Rescue of behavioral circadian phenotypes in Angelman syndrome model mice
Angelman syndrome (AS) is a disorder characterized by cognitive/developmental delays, speech impairment, sleep disorders, seizures, and motor difficulties. The expression level of the Ube3a gene is crucial for normal neurodevelopment. For example, reduced dosage of Ube3a leads to Angelman syndrome and increased dosage/activity can result in autism.
Carl Johnson, Ph.D., and colleagues recently reported that the effective gene dosage of this Ube3a gene also regulates fundamental properties of the circadian clock system in mammals. Circadian (daily) rhythms regulate myriad behavioral and molecular processes including locomotor activity, sleep timing, feeding behavior, metabolism, and gene expression. Therefore, the level of expression of Ube3a is critical for normal cognitive development. The thesis of this project is that balanced expression of Ube3a is key for robust circadian rhythmicity as well.

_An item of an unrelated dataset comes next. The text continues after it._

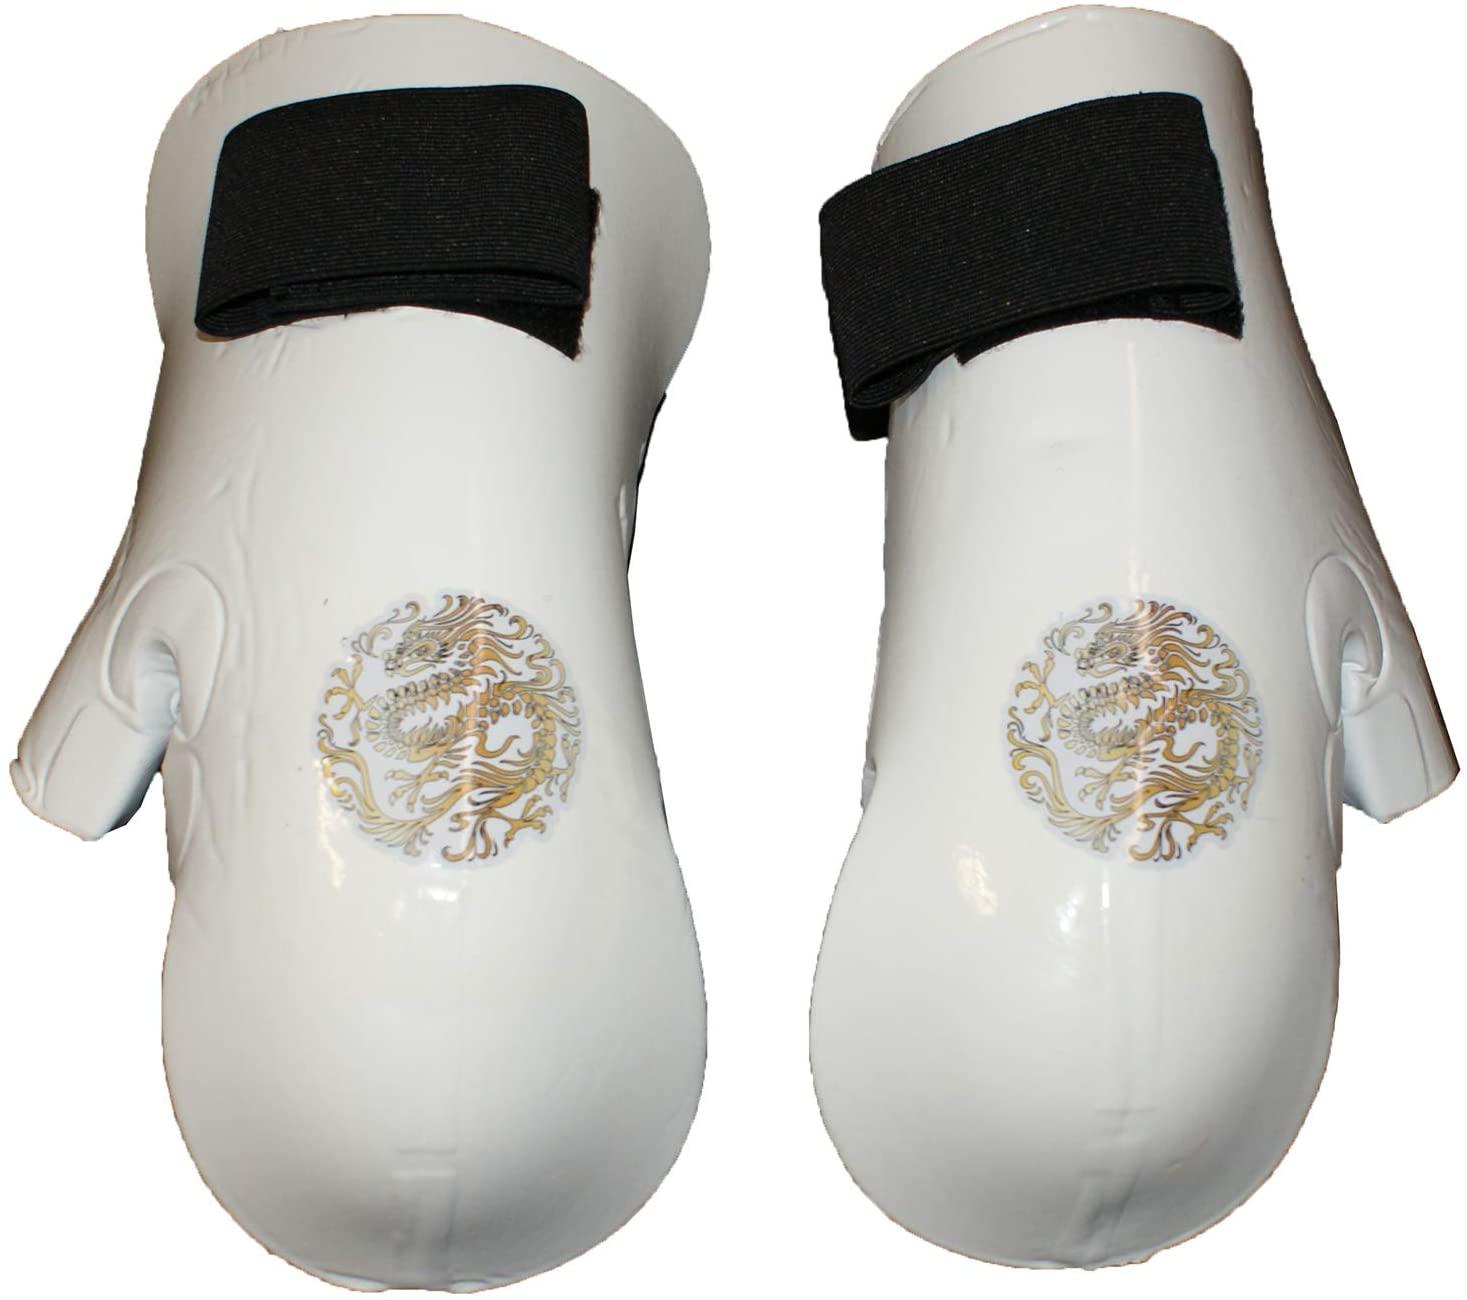 Asian Zing Macho White Punch Child Medium with Dragon Emblem

With the Hobbs Discovery grant, Johnson will test treatments to identify the first pharmacological rescue of behavioral phenotypes affected by AS. This project represents a novel area of investigation that has the potential to enhance health-related research by identifying treatments that ameliorate the circadian disorders of Ube3a imprinting in mouse models. The long-term goal is to understand the Ube3a connection between the debilitating neurodevelopmental disorder AS and fundamental circadian organization in this fascinating–-and clinically relevant–-example of gene X environment interaction.
“This project represents a novel area of investigation that has the potential to enhance health-related research by identifying treatments that ameliorate the circadian disorders across multiple neurodevelopmental disorders.” said Mirnics.
In addition to Carl Johnson, Ph.D. (Biological Sciences) as principal investigator, Rebecca Ihrie, Ph.D. (Cancer Biology) is co-investigator.
Jan Rosemergy, Ph.D., is VKC deputy director and director of Communications and Dissemination.